We’ve won the jackpot as a couple; we’ve both managed to get long covid and this is now day one hundred and something post infection.

‘But I’m just so tired,’ I plead. He gives me a stern, but kind, look.

‘Oh ok, you’re right. I’ll go for a little walk around the block at least and take some pictures with that new macro phone lens I got for my birthday.’

‘You’ll feel better for it sweetheart,’ he calls after me.

So, off I traipse.

I clink the metal screen door shut, open the garden gate and snap it behind me.

I briefly consider cleaning off the cobwebs and then quickly put that in the ‘too hard basket’. I can’t waste precious drops of energy on anything like that right now.

‘Up the hill, follow the afternoon light,’ I tell myself.

Sunlight grazes the tops of buildings. I turn and see light flooding through a tree on the other side of the street. Gold spills across the grass. Mild yellow and pearl clouds float above. I always forget about the sky, so wide and open and peacefully unconcerned with anything down below.

This flaming tree isn’t a shot of a bee or a lizard — nothing truly exciting or challenging to chase. But it’ll do.
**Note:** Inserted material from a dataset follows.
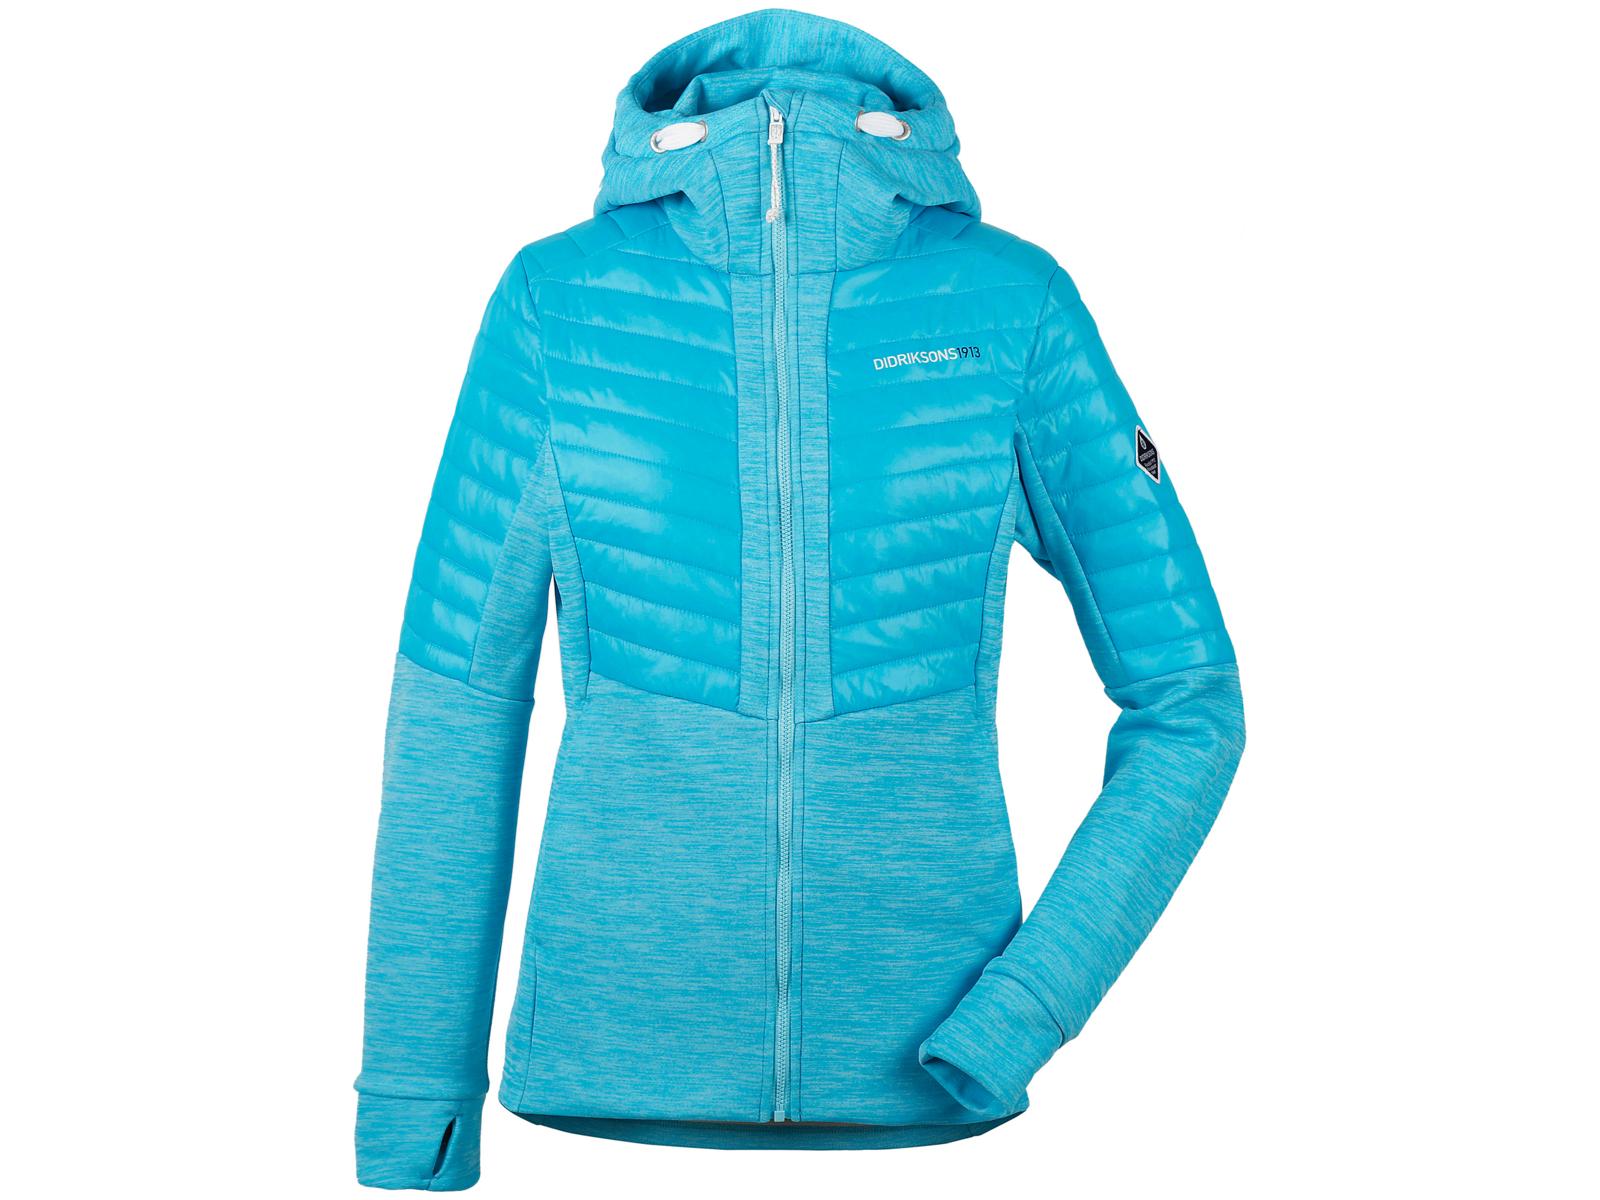 Didriksons Annema Womens Jacket Softshelljakke Dame Turkis (DKK 400,00)

I remove the macro lens and snatch a picture.

I don’t know why I do this… it’s like I’m trying to demonstrate to myself that something meaningful happened that day, something spectacular that always will have happened — and no amount of exhaustion can take that away from me. I have it on record.
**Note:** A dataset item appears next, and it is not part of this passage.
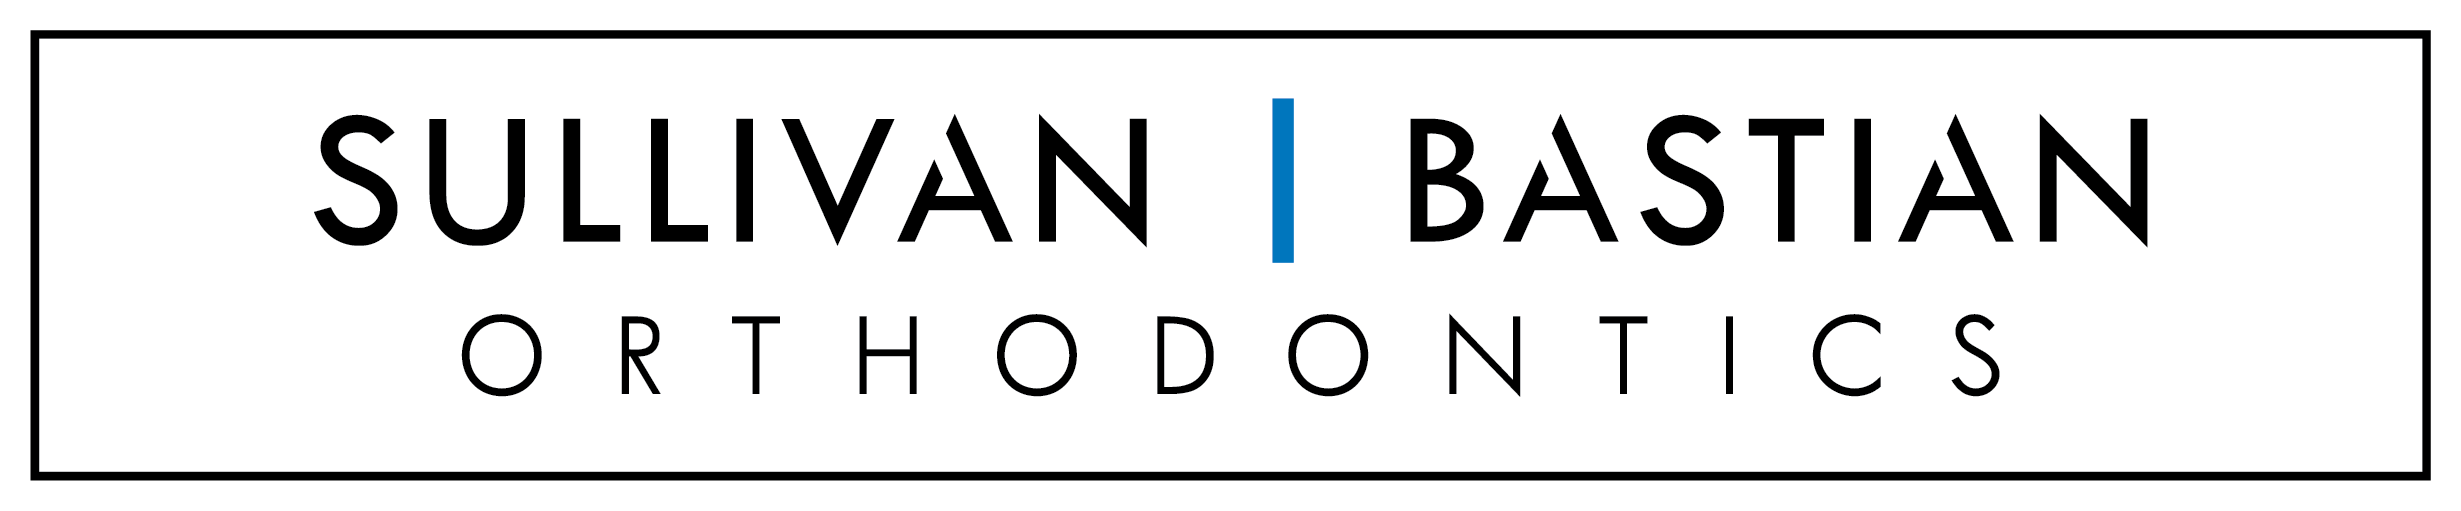 sullivan-bastian-orthodontics-1_7742a80189e6a7316e6d7a34f0b47a89

I keep walking. I’ve got to find something pretty that works in macro. Ah! A blue wood aster against a yellow wall. How striking.

And a large red-pink hibiscus turned towards the ground with veins running up to the stem. The lines will pop in a close-up.

Flowers aren’t normally photographed from that angle. This should be weird enough to be vaguely interesting. I don’t have that much material to work with if I can only get so far from my house.

Pretty!

I’m currently about 15 minutes from home. I don’t have the normal burning sensation in my lungs, and I don’t feel breathless or light-headed. I don’t have a headache. No freaky fatigue. The world hasn’t started spinning slowly yet.

I’m dog tired. I feel like a zombie on the march, but I can push a little further.

I like going down to the water at sunset. The Anzac Bridge and the city skyline lights up with paths of reflected light travelling to Jubilee Park.

If there’s fire in the sky, and the water is calm, it mirrors back all that drama and it’s twice as eye popping. The dogs are on parade at this time of day too.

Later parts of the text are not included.